So having an iPhone is equivalent to the phrase, CAN SOMEONE HAND ME AN EXCEDRIN MIGRAINE TABLET THE SIZE OF A GUINEA PIG, PLEASE?
Except that’s not all the way true, because the texting? Oh my! Texting on the iPhone is as easy as saying, “Yes, ma’am, I’d like the whipped cream on top of the cheesecake.” And playing Words With Friends is smack-down easy, because my games don’t just up and end after the seventh move, like they did on my Android.
The Android which I threw on the floor and shattered.
Android insists that I had a glitch in my phone. I insist that it was just an effort for Hi-Tech America to kill me off with severe, teeth-grinding frustration. My feelings were very similar to those when you see someone in a made-for-TV drama giving in to hypothermia. I just wanted to lay down in the snow and go to sleep and never have to face the fact that my Words With Friends games just quit me unexpectedly with a little zap of static-y sizzle.
I kid you not.
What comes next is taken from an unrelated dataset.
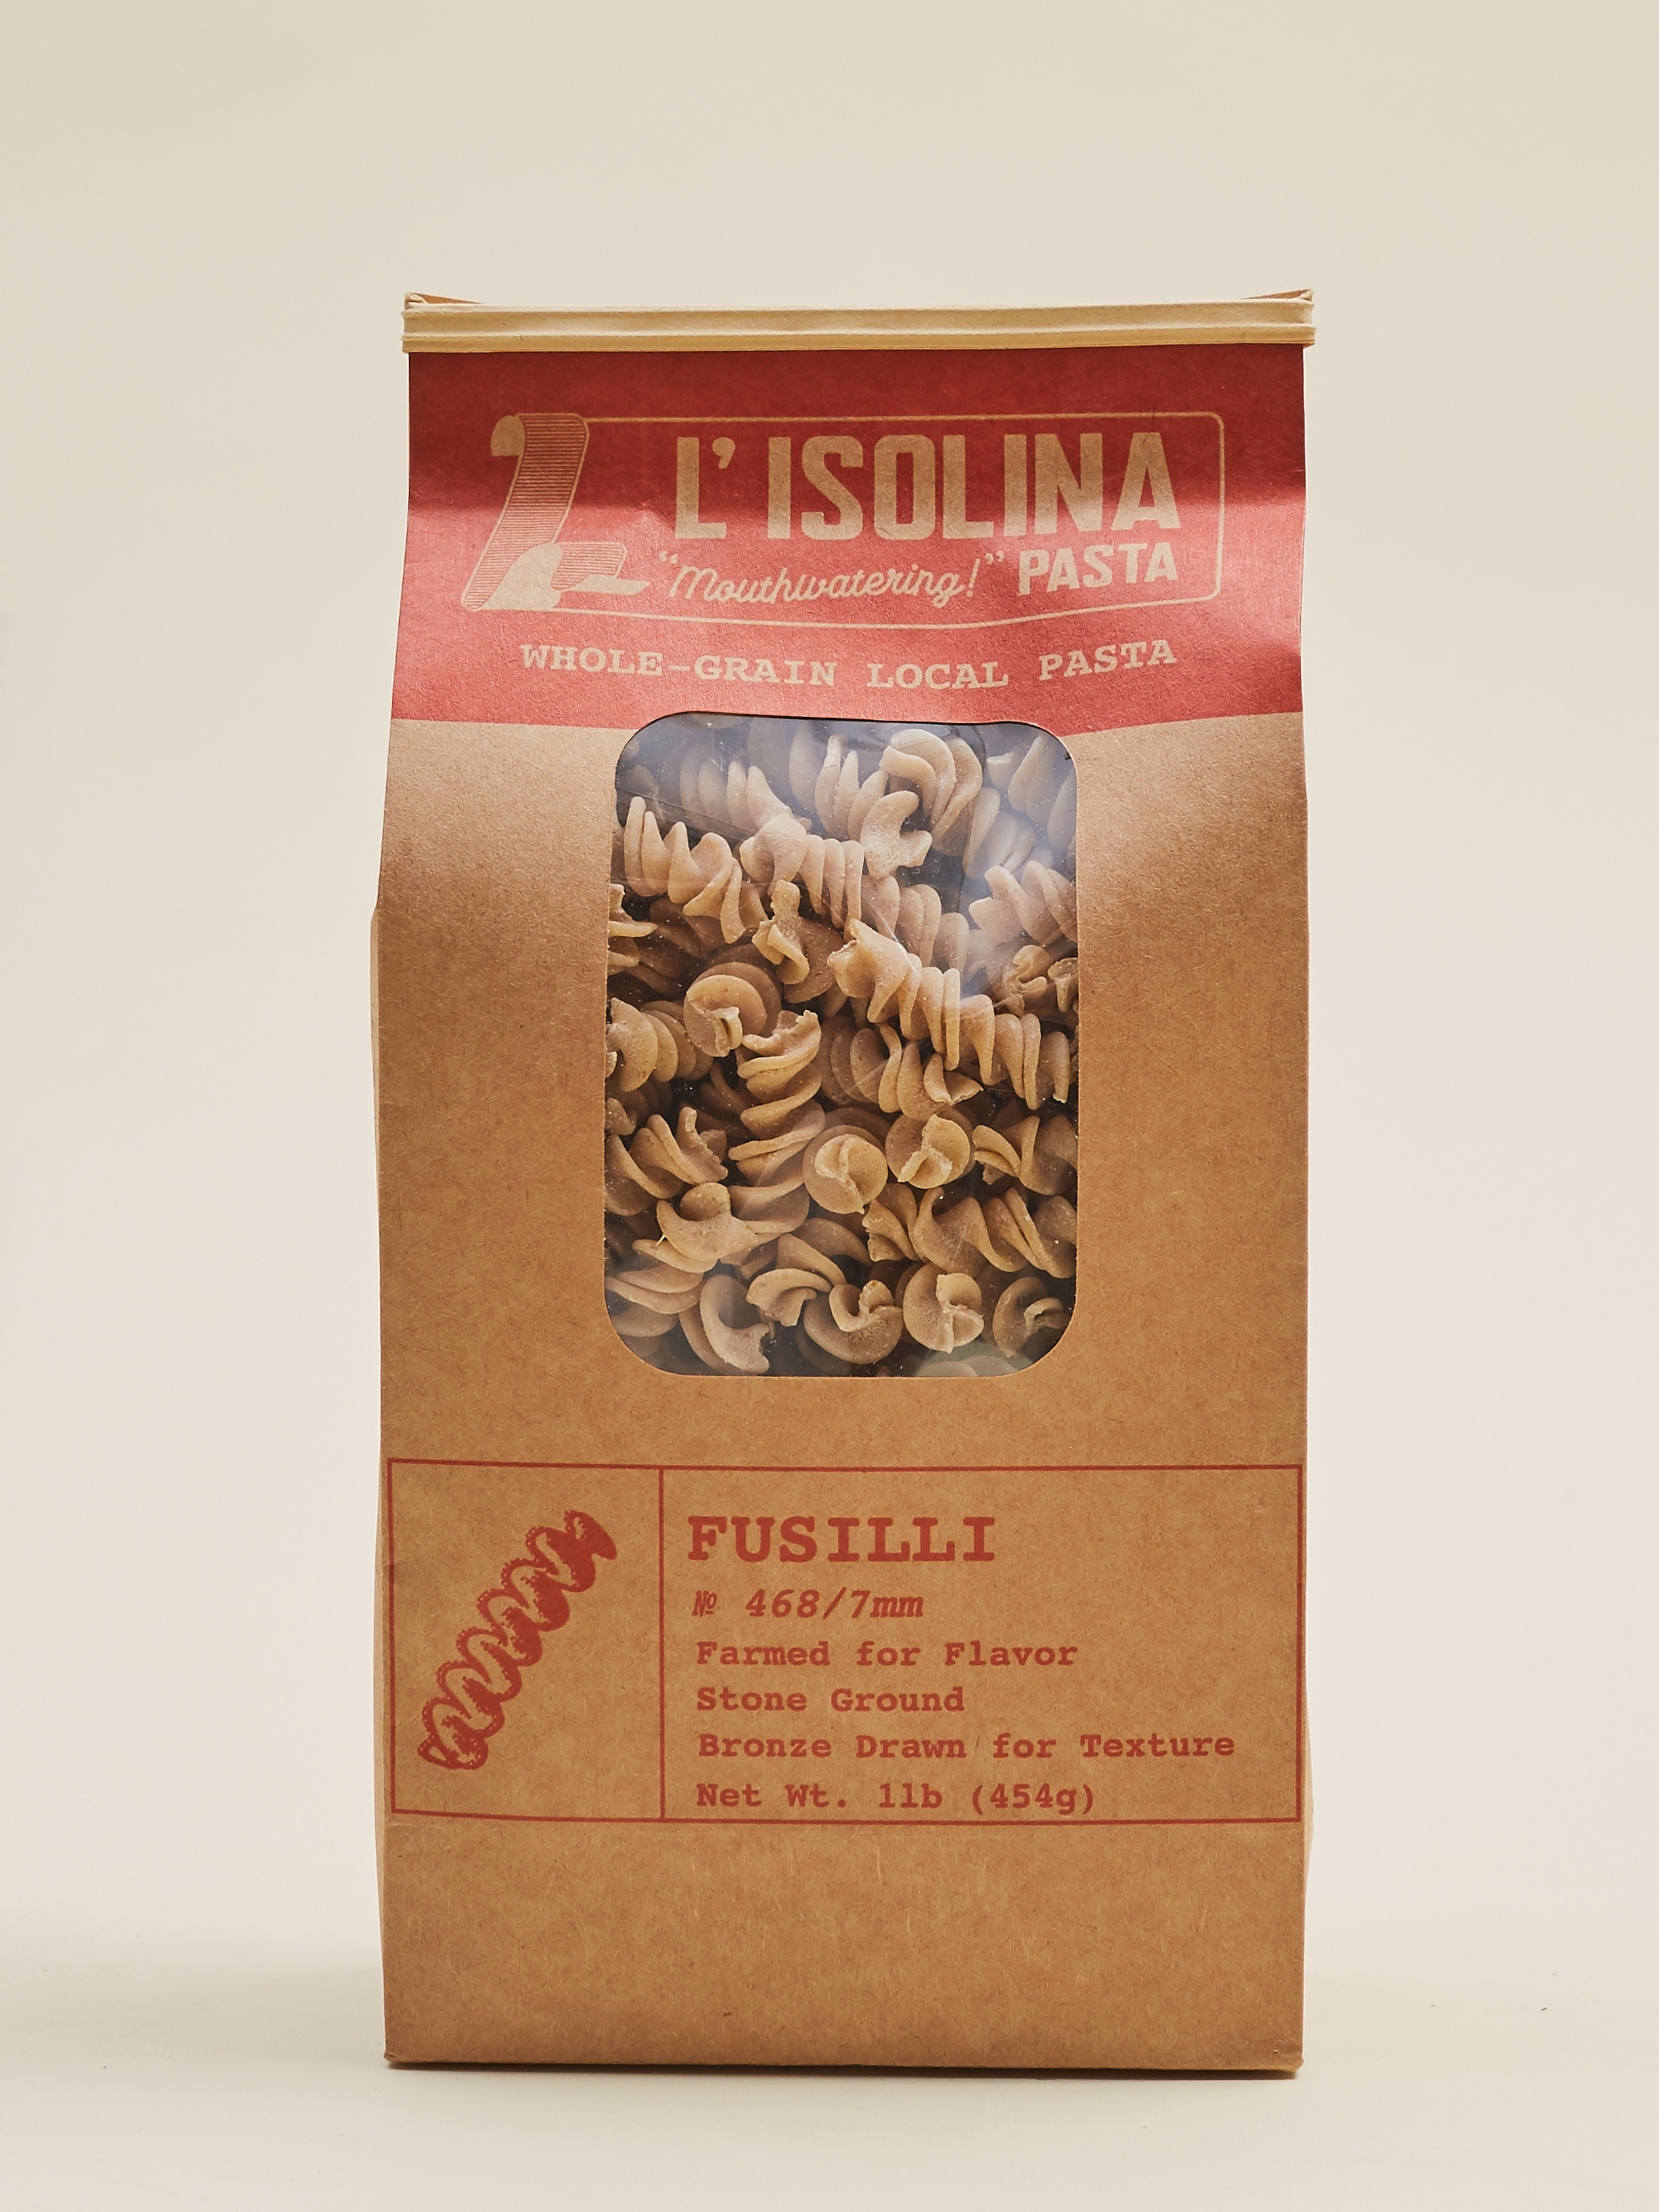 L'Isolina Variety 4-Pack

Every time the seventh move happened in my WWF games (which do NOT involve sequin-adorned costumes), the person I was playing against would PLUM WIN, whether they were ahead or not. My phone would just suddenly flash a message that says, “Hubs just kicked the snot out of you in seven moves. Yes, he had 12 points, and yes, you had 208 points. Points are irrelevant. Hubs wins.”
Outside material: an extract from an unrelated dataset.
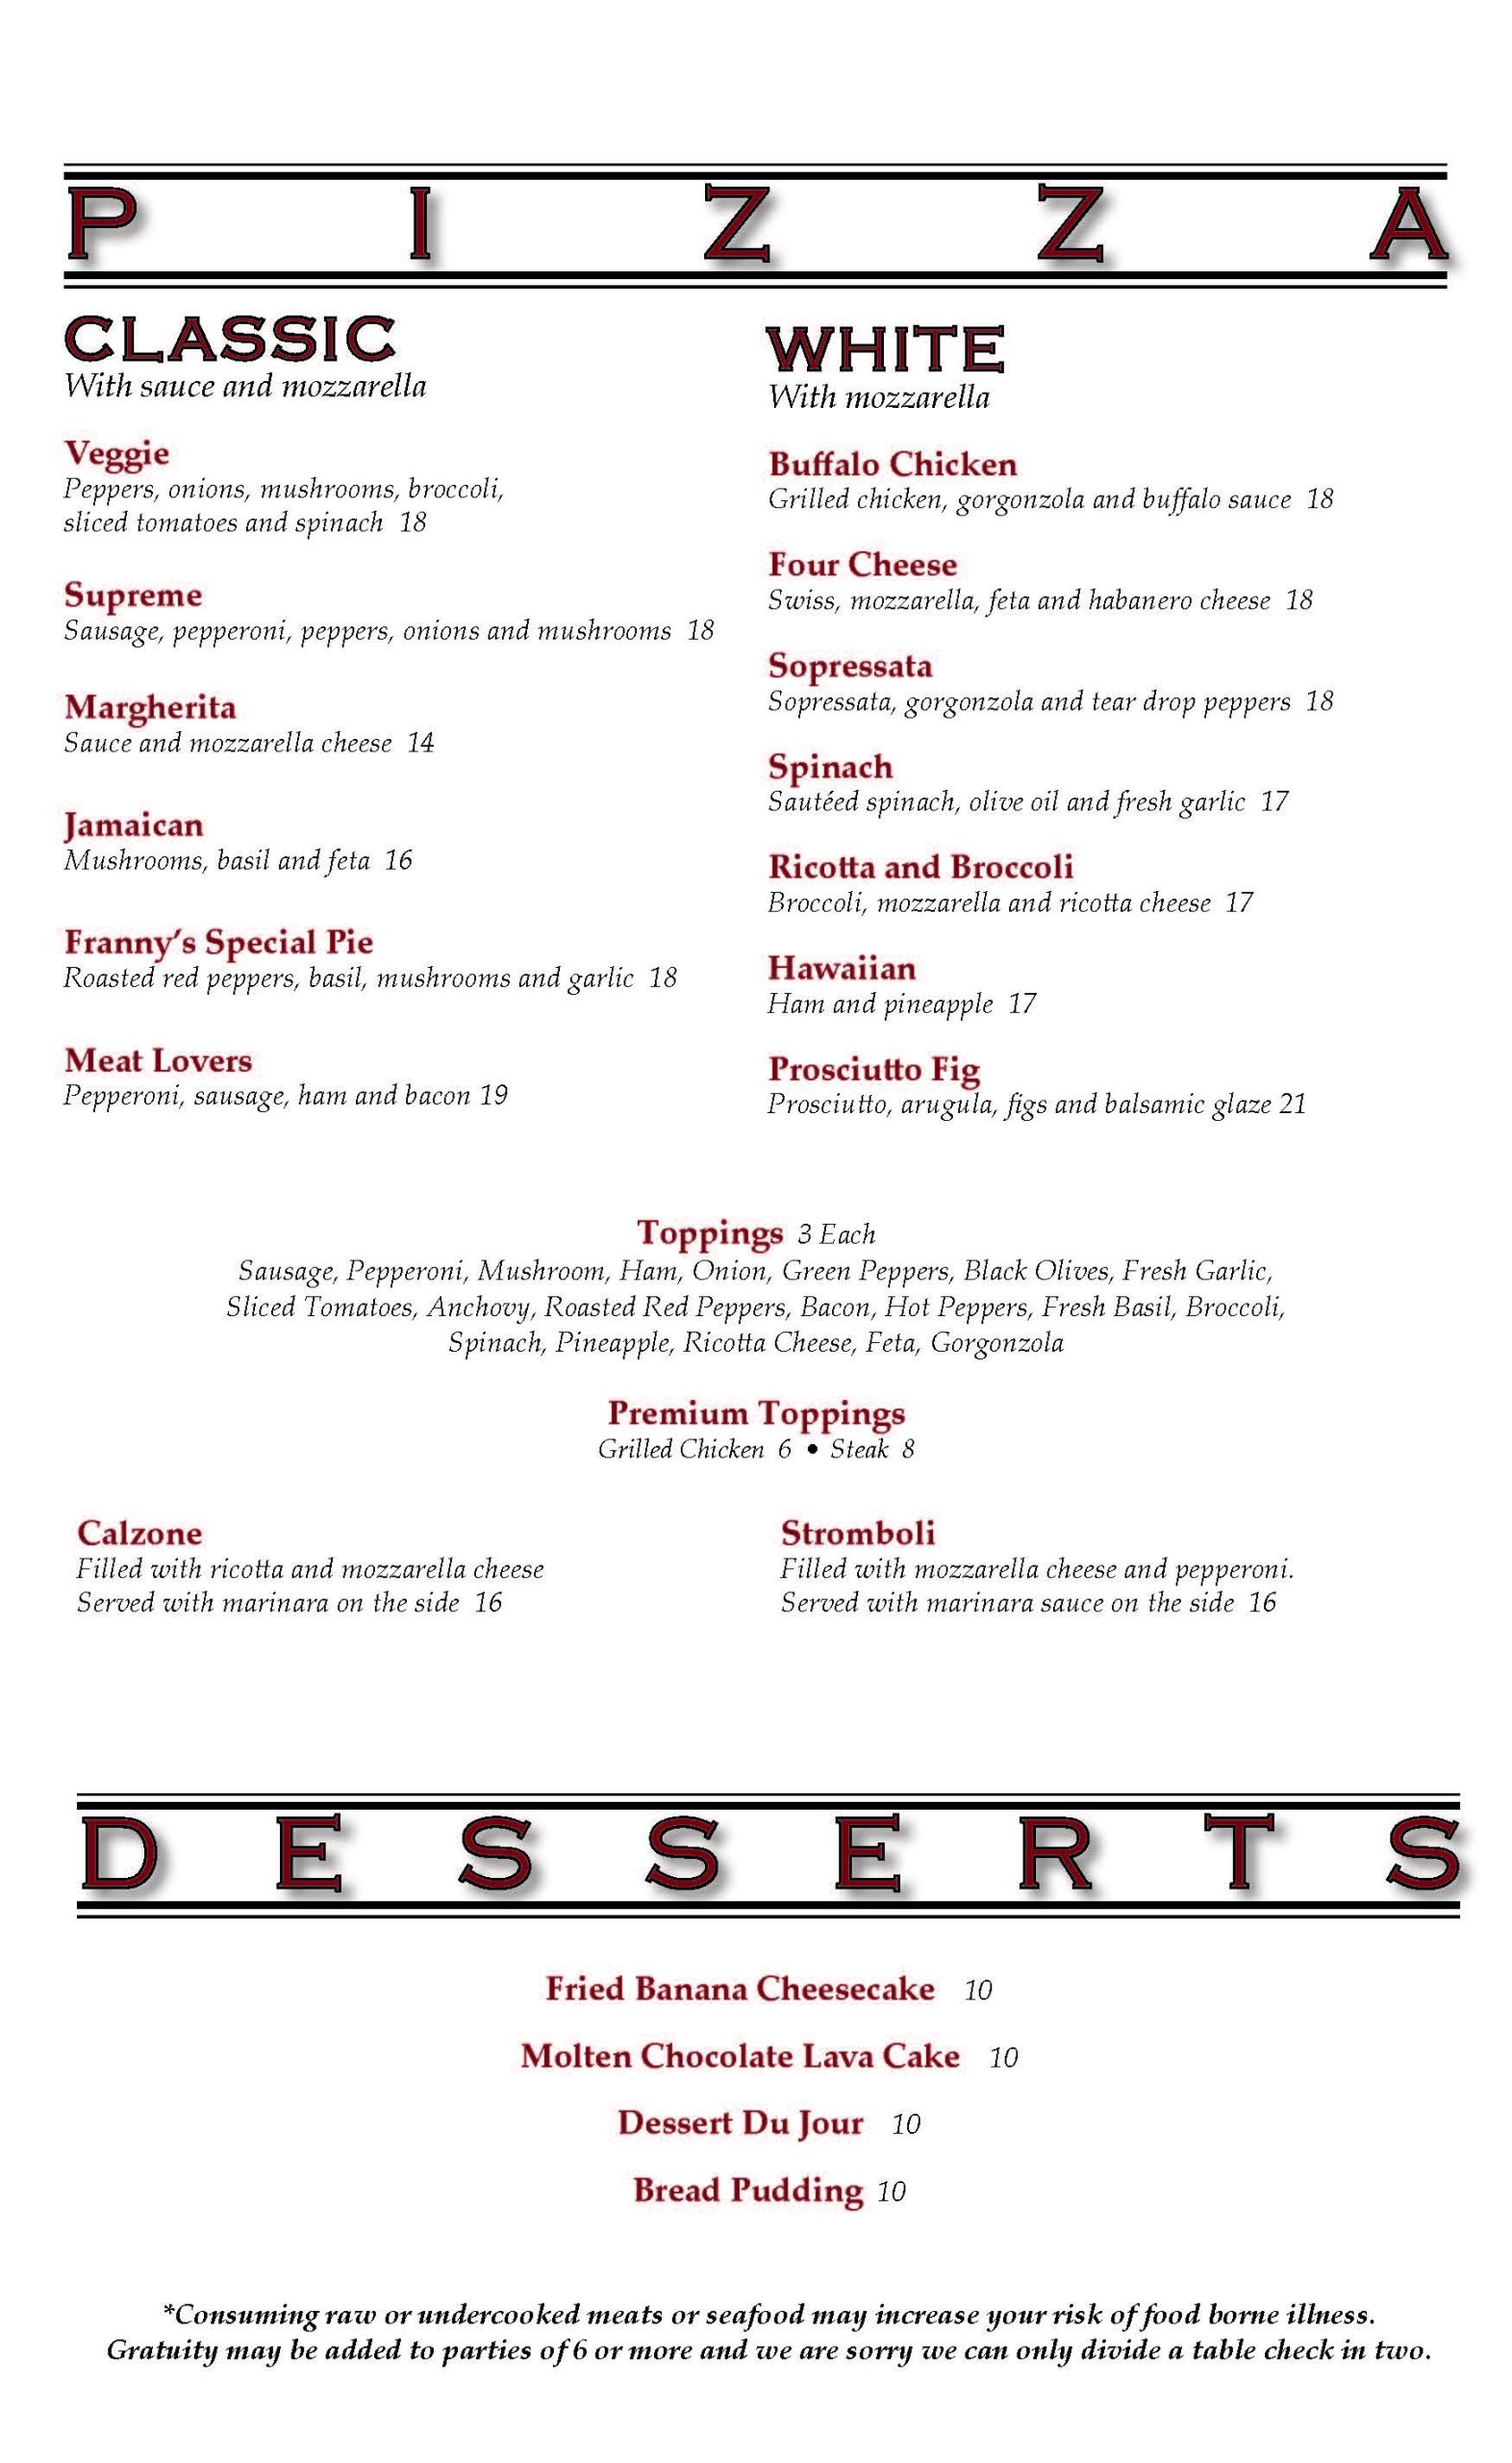 A menu for a pizza and desserts restaurant.

And if that doesn’t hand you some kind of disappointment on a thick, Chinet paper plate, I don’t know what does.
Tonight, in an effort to extract a photo off of my iPhone, I first had to beat the phone against the desk and cry out, “Why? Why? Why?” one hundred and six times, because my iPhone wanted to selfishly keep the snapshots to herself. And that’s when I realized that, Sweetheart, you have to REGISTER the iPhone and do everything through iTunes, and why didn’t they tell me this at the cell phone store when I bought it?
Two phone calls to Tyler and two text messages to Pastor John later, and I had pictures off of my phone.
It’s because Hubs is at an IMAX theater tonight, in a city far away, and I wasn’t sure that he’d be overly happy with me if I whispered into my phone, “Listen, honey, I need some tech support, so just go ahead and step into the lobby there for about twenty minutes, so you can talk me through this photo-extraction process before I stand on the deck and launch the phone into the neighbors’ yard and shout things that I’ll regret tomorrow.”
(Secretly? I actually thought about telling Hubs later, “Oh, yeah. Getting setup to yank photos off my phone was a breeze; I’m thinking about becoming an Apple Genius and taking tech support calls in my free time for extra money.”)
(That would have been wrong, right?)
Tonight, the posse and I went to the theater (not an IMAX) to see the new Pirates of the Caribbean flick in 3D.
(I get distracted easily.)
The four of us had a blast. I cut all restraints at the concession stand and said, “Yes, boys; order it all!”
They looked at me like it was April Fool’s Day, and then charged ahead with their orders, before I could change my mind. There were Sour Patch Kids and Swedish Fish and Kit Kat bars and buttery popcorn and 7-Ups and Pepsis everywhere.
And then we settled into our seats for the LONG HAUL, because Pirates is not a short bit of cinematic wonderment.
This movie is every 4th and 5th grade boy’s dream, as it is nothing but one long, heart-stopping, joy-shouting sword fight after another. All three of the boys cheered, while they passed the Swedish Fish bag back and forth. And I’m pretty sure that all three of the boys came away with some ideas for new moves to employ on one another when they’re battling it out with their own swords.
I even filed a few moves with the pirate FLINTLOCK PISTOL away in my mental library, in case I need to use one on my cell phone some day in the future.